Before generating the report, verify internal consistency:

1. **Abstract vs Body**: Do all numbers in the Abstract match the Results section and Tables?
2. **Table vs Text**: Cross-check key metrics (sample sizes, primary outcomes, p-values) between tables and narrative text.
3. **Figure vs Text**: Do figure legends match the data described in Results?
4. **Percentage arithmetic**: Verify that n/N percentages are calculated correctly (e.g., 23/150 = 15.3%, not 15.0%).
5. **CI plausibility**: Do confidence intervals seem reasonable given sample sizes?

Flag any discrepancies as Anticipated Minor Comments (category: F. Reporting Completeness).

### Phase 2.5a: Numerical Source-Fidelity Audit (External)

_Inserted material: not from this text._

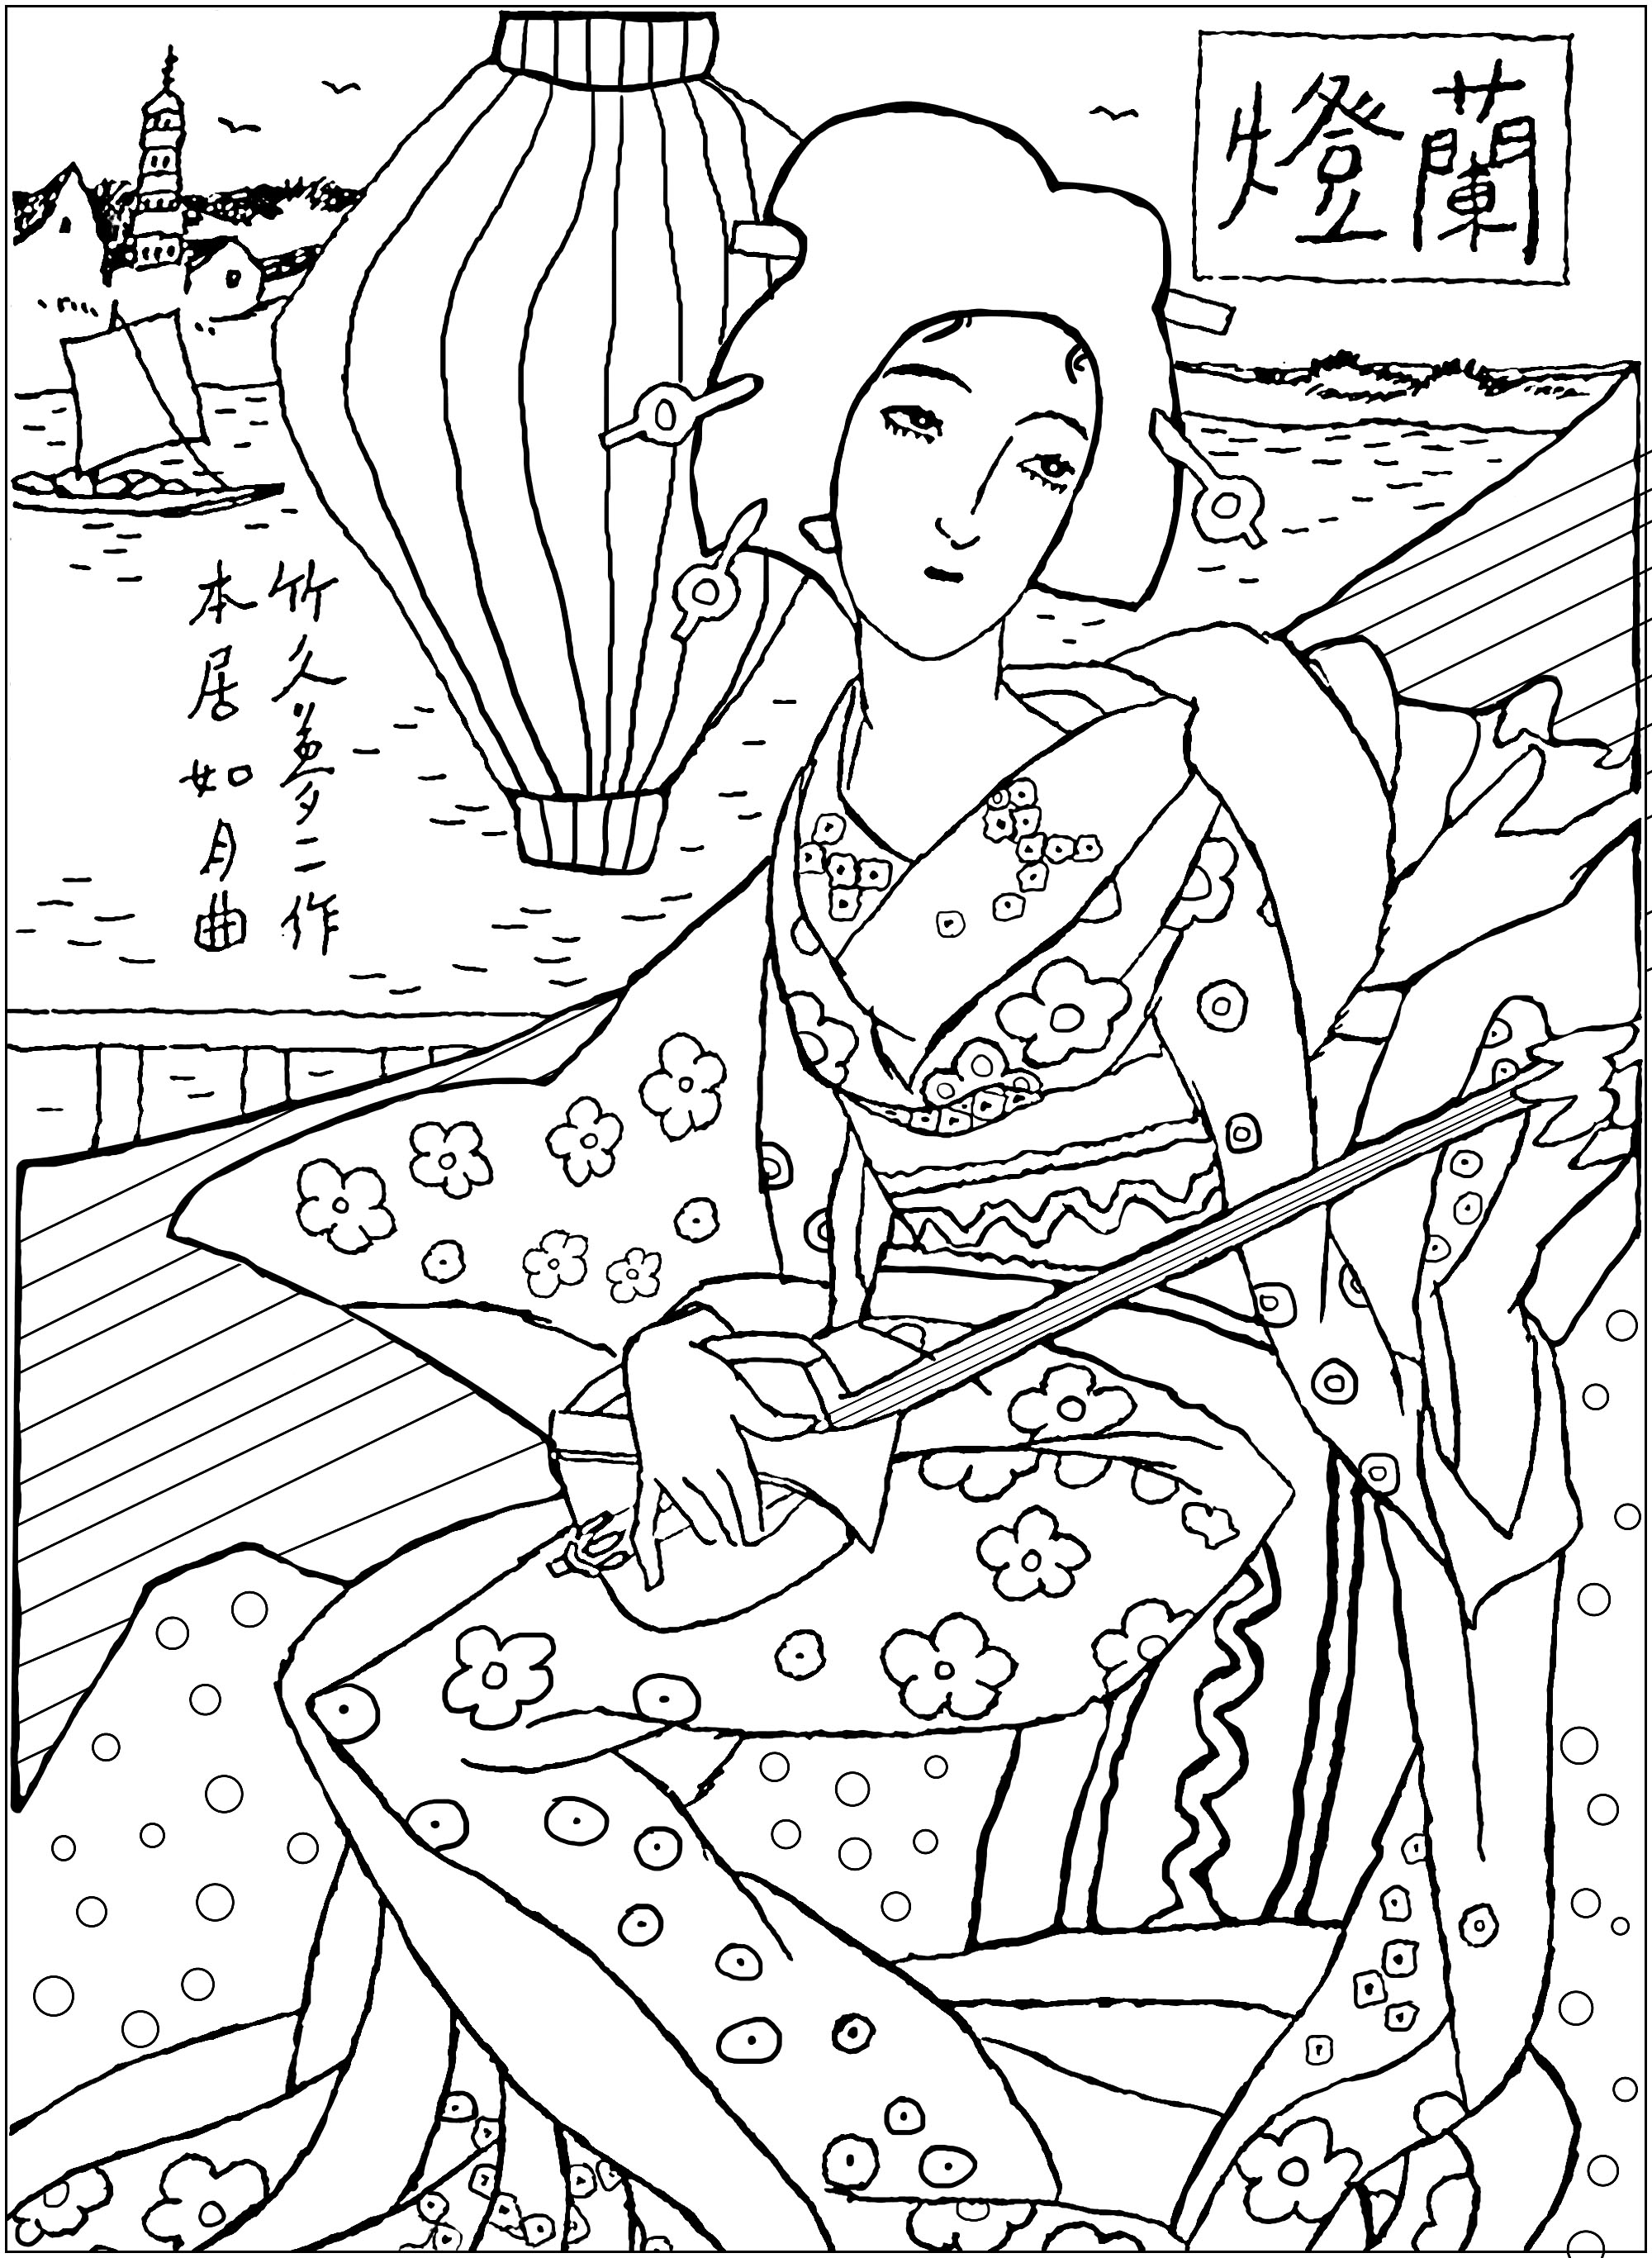 Disegno esclusivo ispirato a un quadro con una geisha giapponese

Internal consistency (Phase 2.5) is necessary but not sufficient. Numbers can be fully self-
consistent across Abstract / Table / Text and still be wrong at the source — a single
transcription error propagates cleanly through every downstream stage.

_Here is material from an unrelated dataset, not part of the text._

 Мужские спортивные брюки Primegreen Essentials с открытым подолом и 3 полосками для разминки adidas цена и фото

**Precedent failure pattern:**
> A revision-era comparative meta-analysis reported a safety-outcome 2x2 with the
> arm-level events direction-reversed relative to the primary-source Table. Internal
> consistency passed because Abstract, Discussion, Table, and the R script all echoed
> the same wrong values. The reversal was caught only by an explicit second-pass audit
> that randomly sampled claims and traced each back to the primary paper.

**When to run:** MA revisions, submissions, or any review where the user mentions "check
against the source," "verify extraction," or "random sample."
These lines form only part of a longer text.